### Available data:
..........
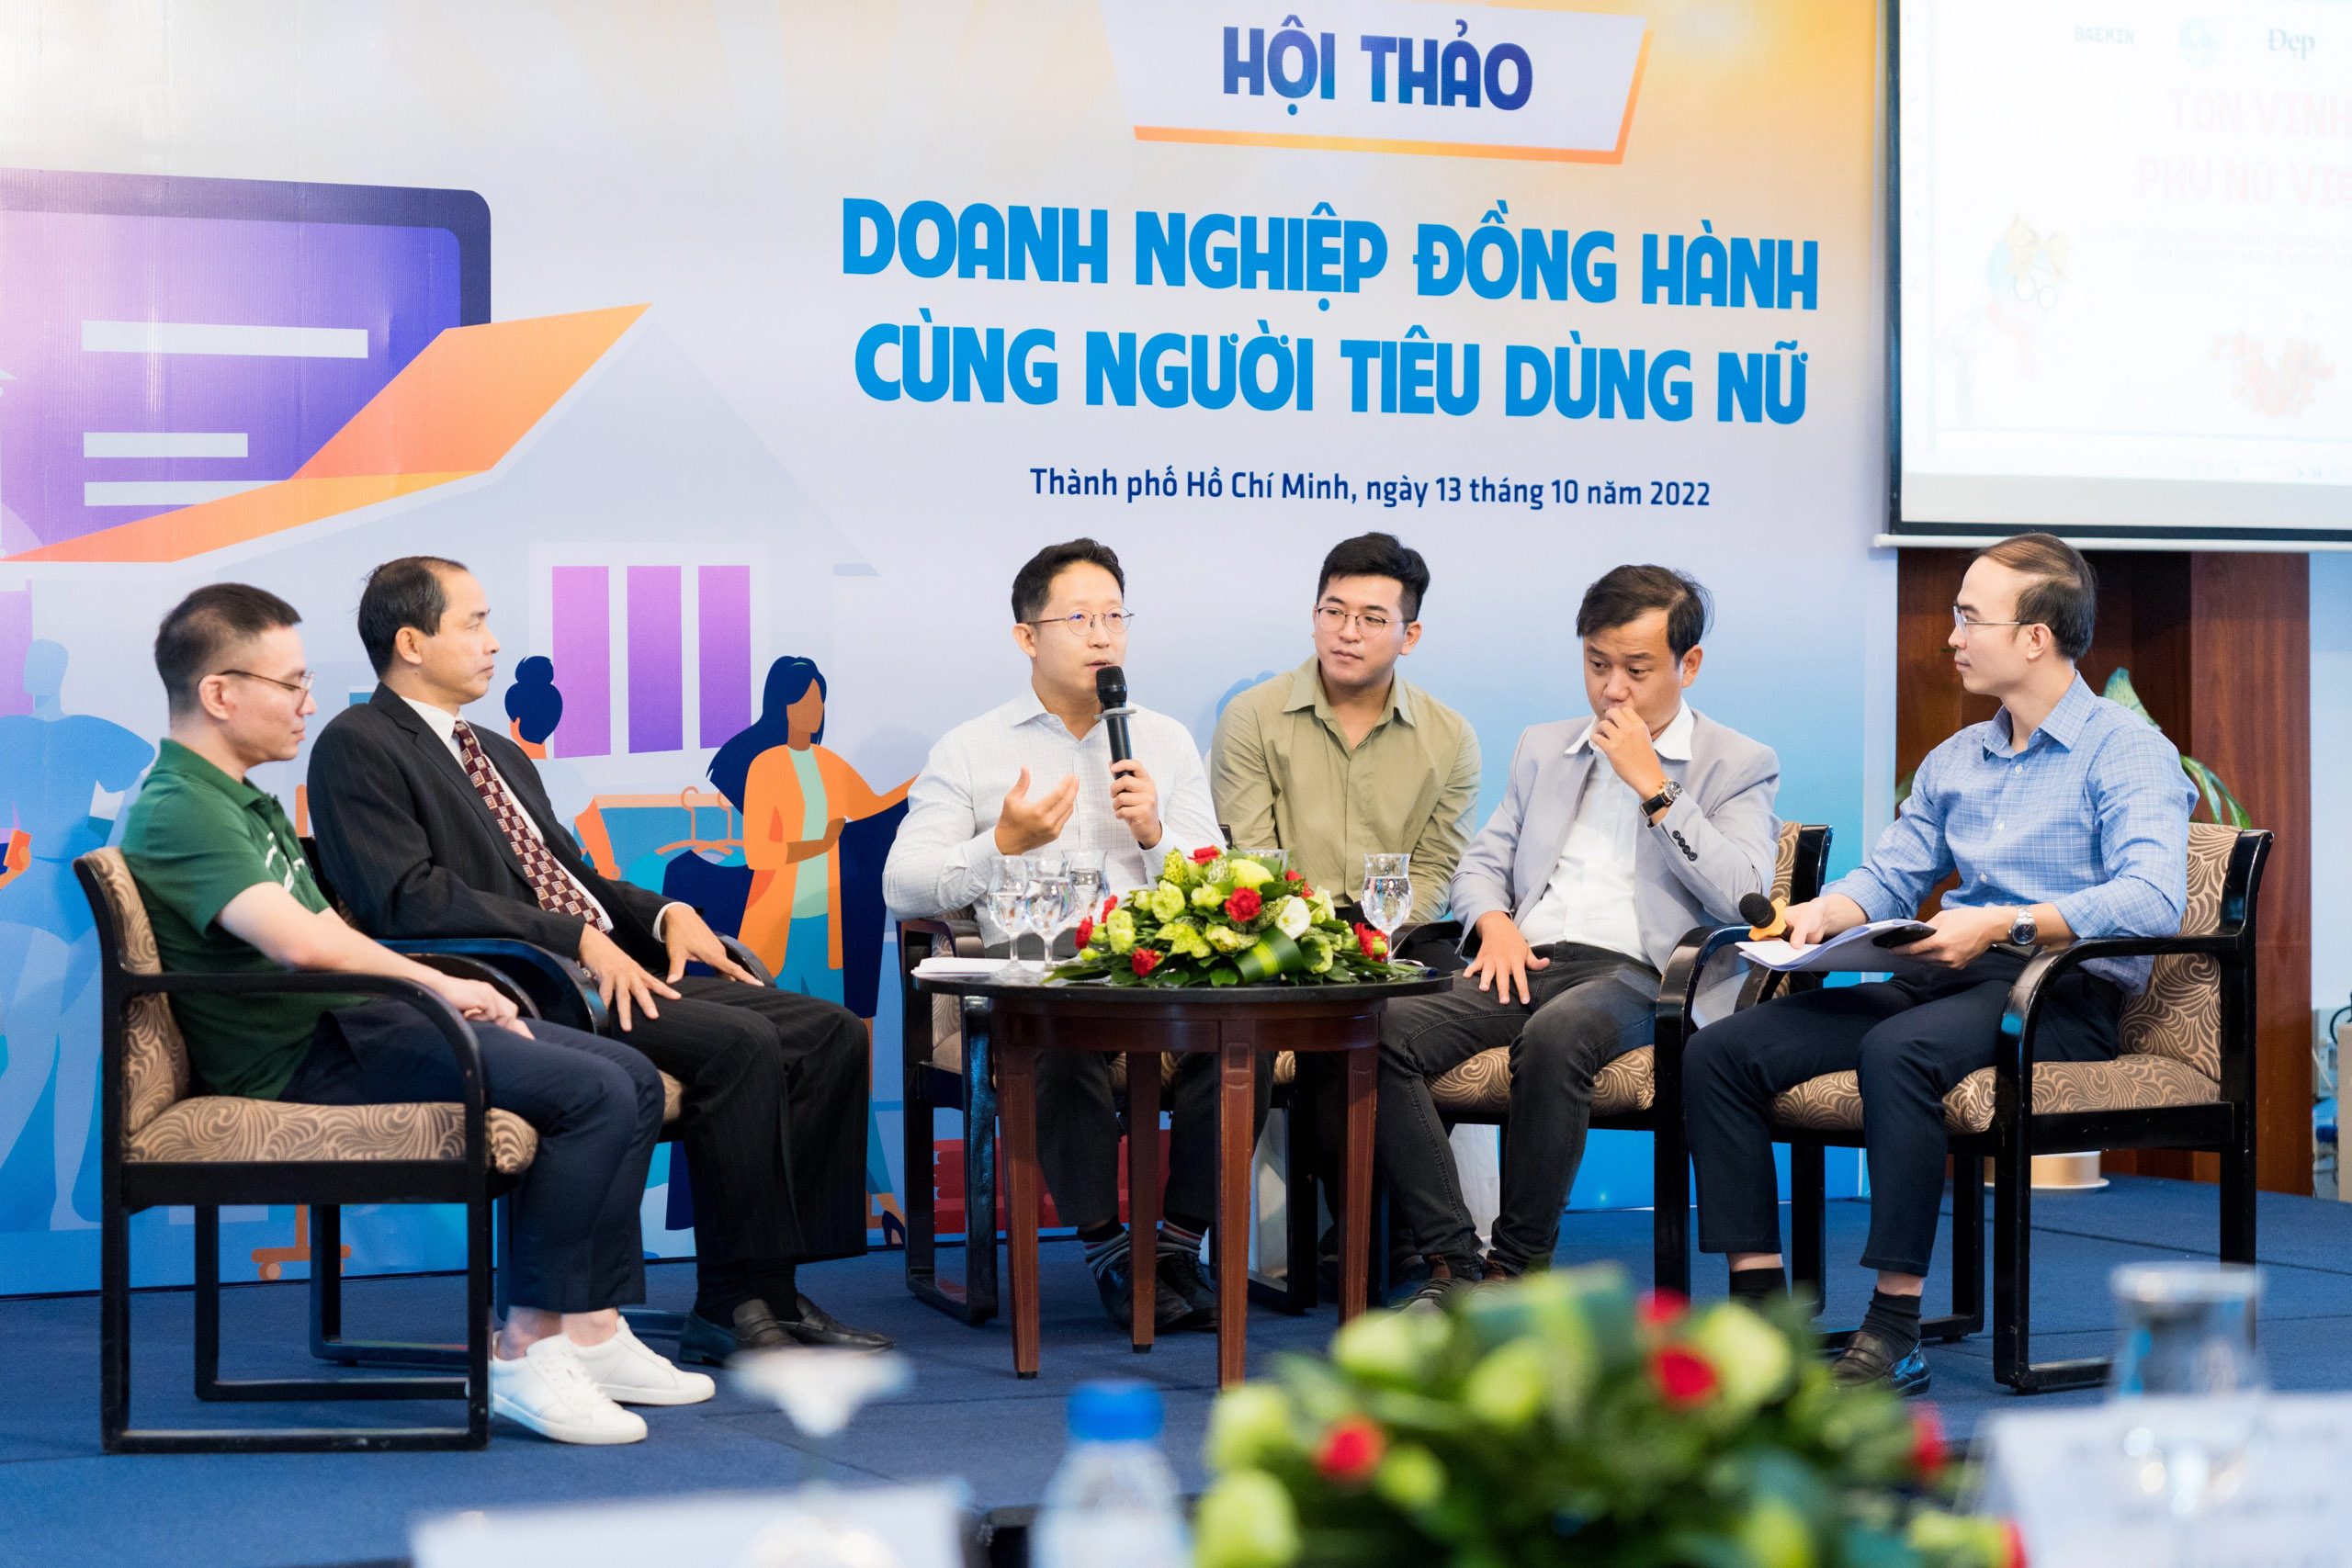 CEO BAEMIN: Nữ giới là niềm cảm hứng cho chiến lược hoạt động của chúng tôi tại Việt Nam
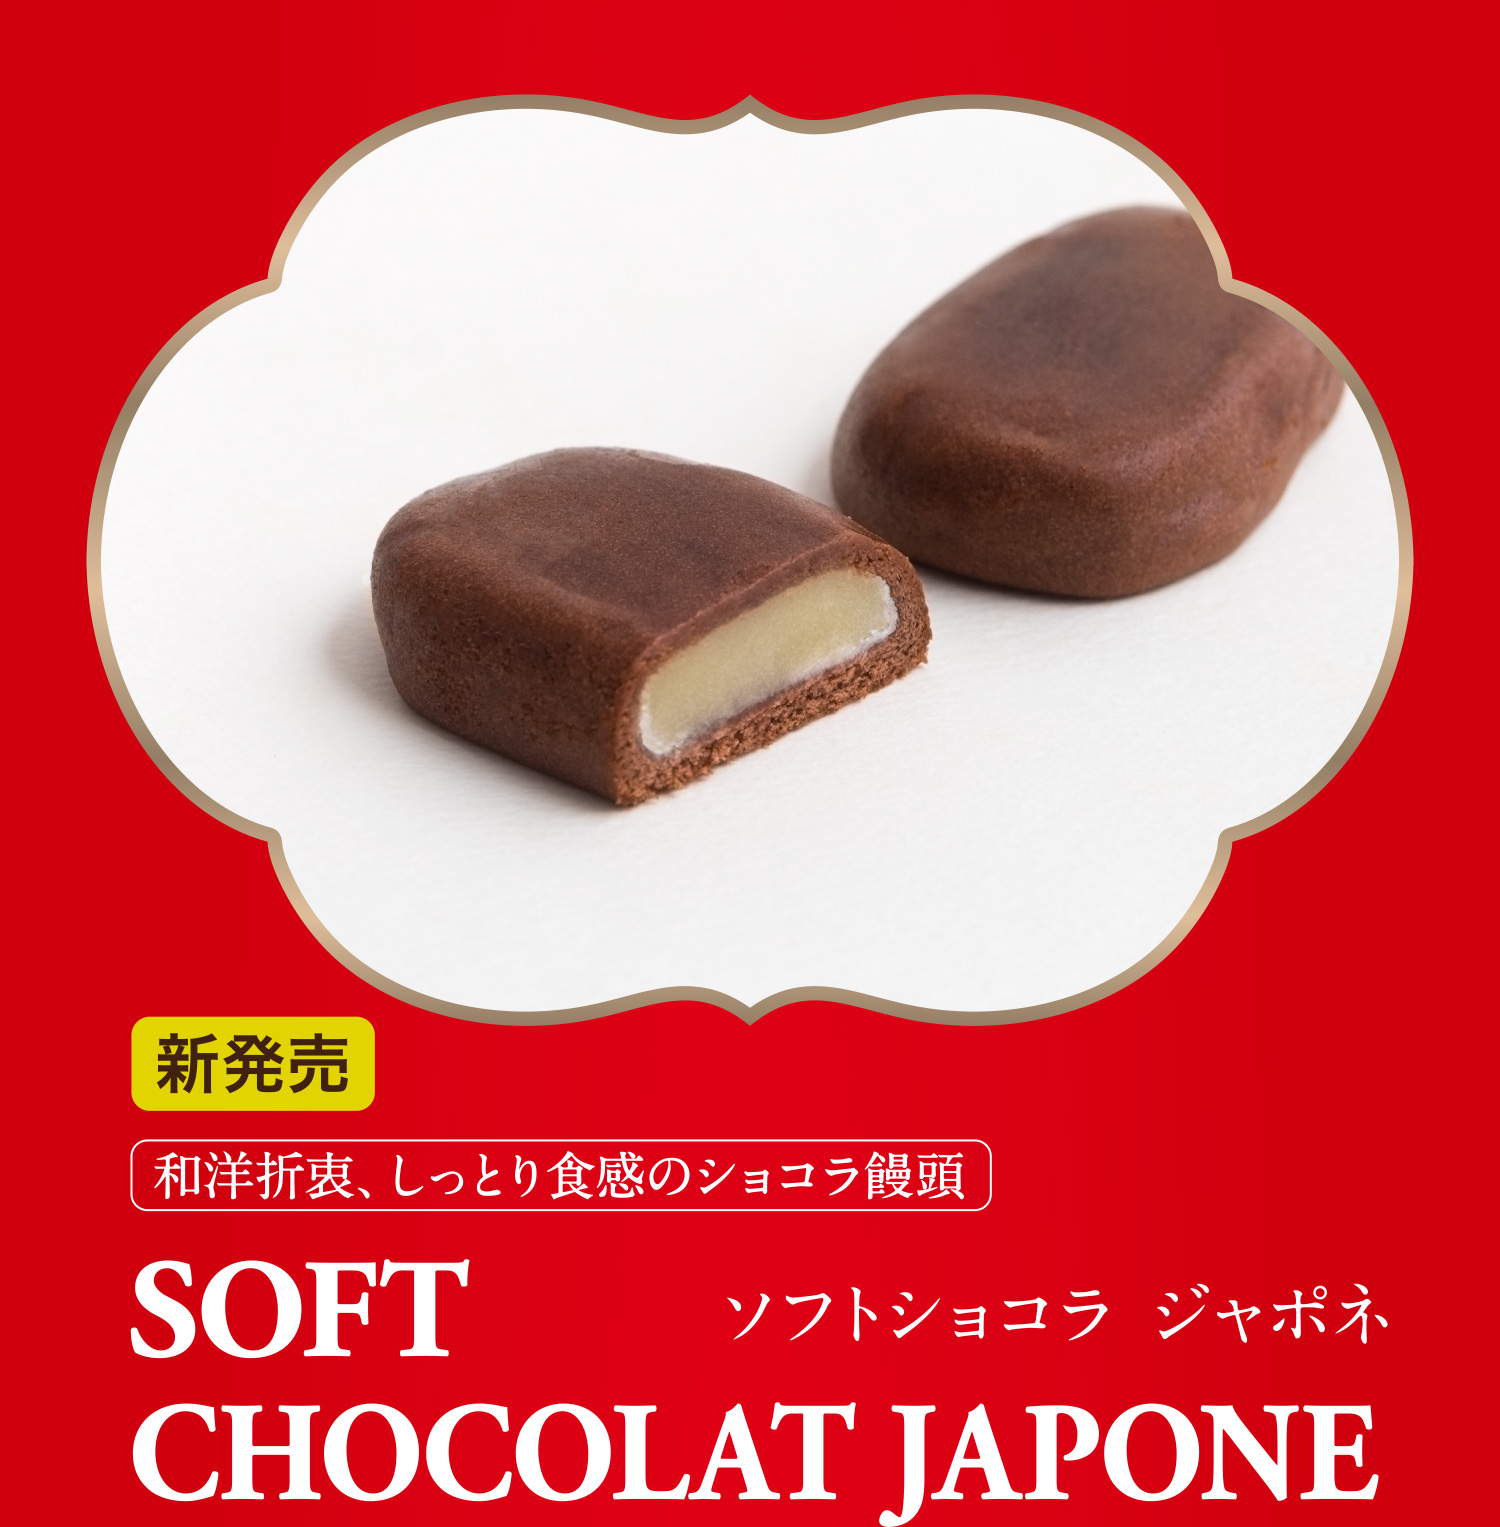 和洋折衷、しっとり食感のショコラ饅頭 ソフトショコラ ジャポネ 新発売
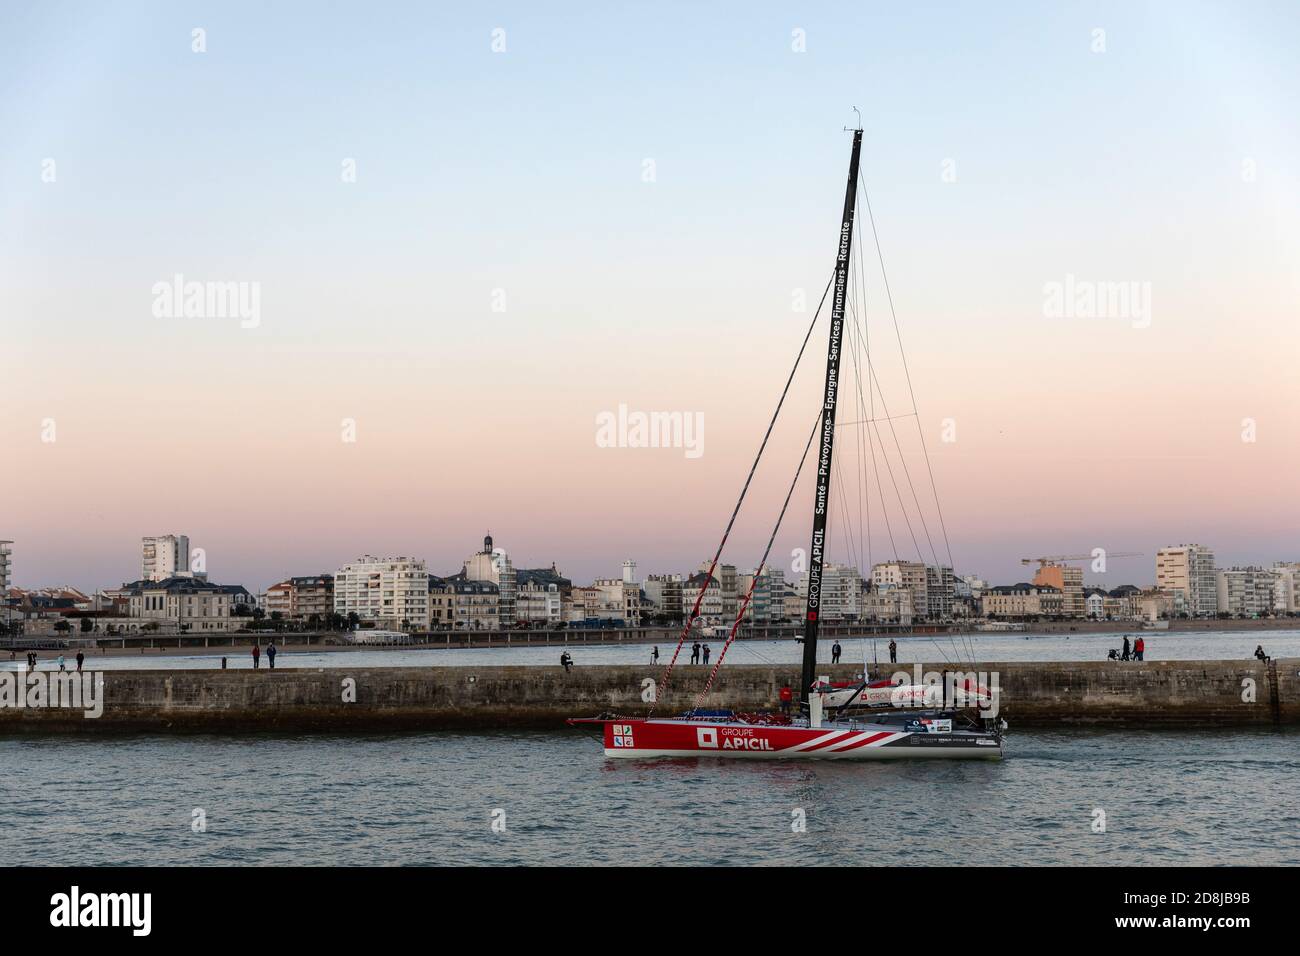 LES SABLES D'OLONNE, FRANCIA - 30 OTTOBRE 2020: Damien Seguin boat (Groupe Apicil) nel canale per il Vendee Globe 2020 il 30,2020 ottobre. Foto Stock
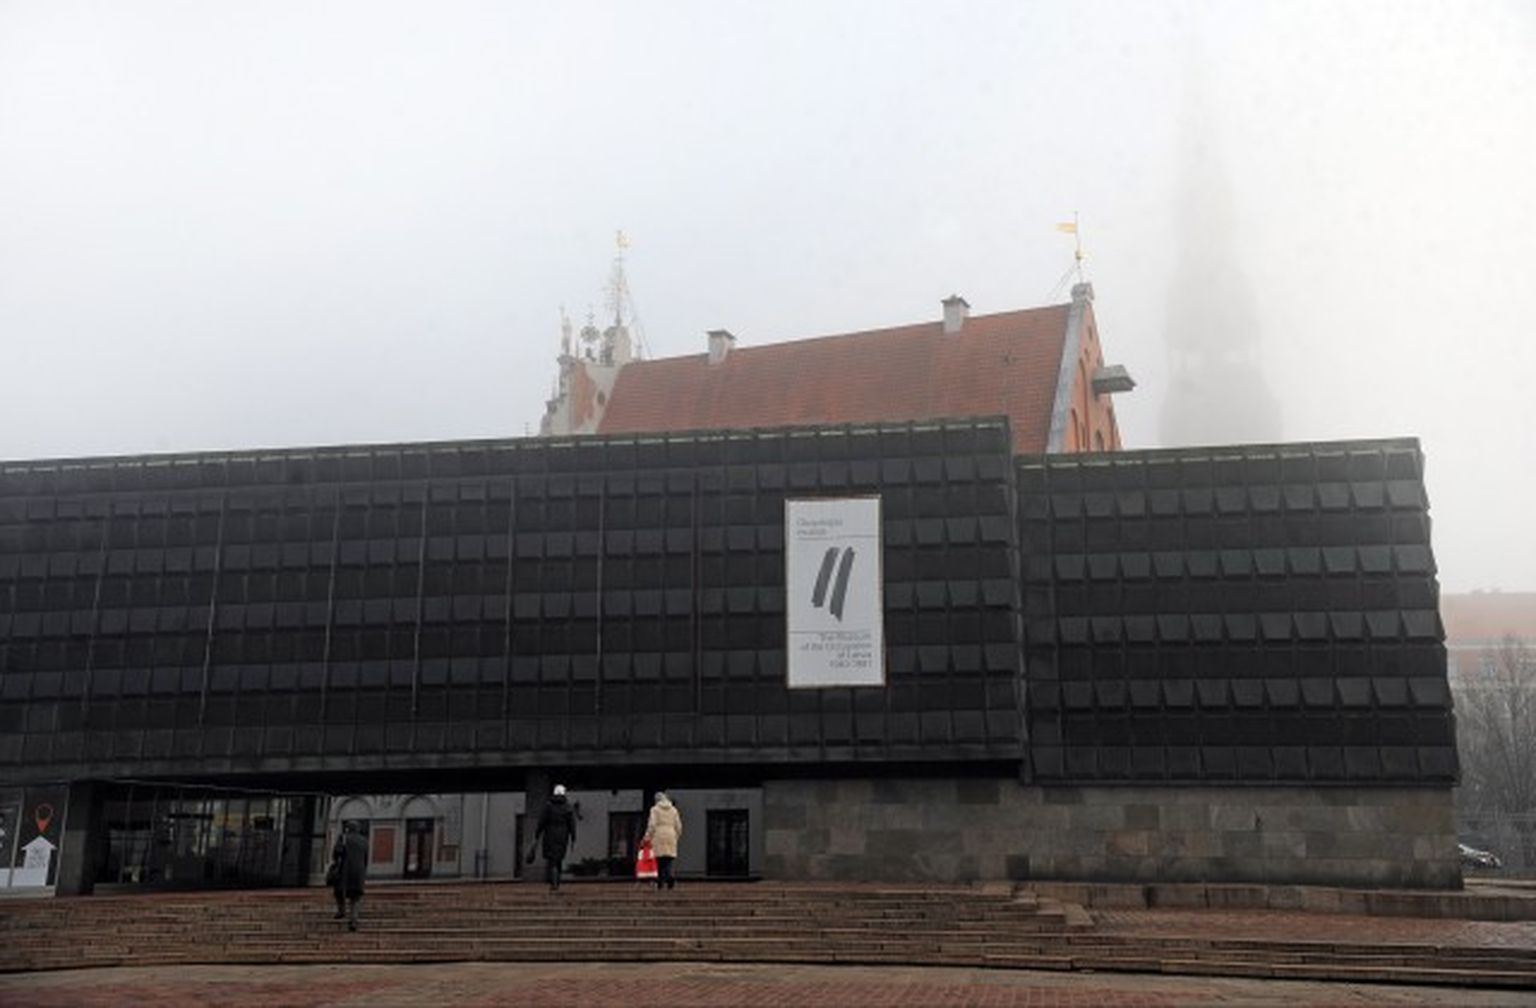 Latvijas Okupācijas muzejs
..........
### Exercise aim:
Write out exactly the lines from the line that contains "和洋折衷、しっとり食感のショコラ饅頭 ソフトショコラ ジャポネ 新発売" through the end of the material, including both ends. No pictures belong in the copy.

### Reply to the task:
 和洋折衷、しっとり食感のショコラ饅頭 ソフトショコラ ジャポネ 新発売
 LES SABLES D'OLONNE, FRANCIA - 30 OTTOBRE 2020: Damien Seguin boat (Groupe Apicil) nel canale per il Vendee Globe 2020 il 30,2020 ottobre. Foto Stock
 Latvijas Okupācijas muzejs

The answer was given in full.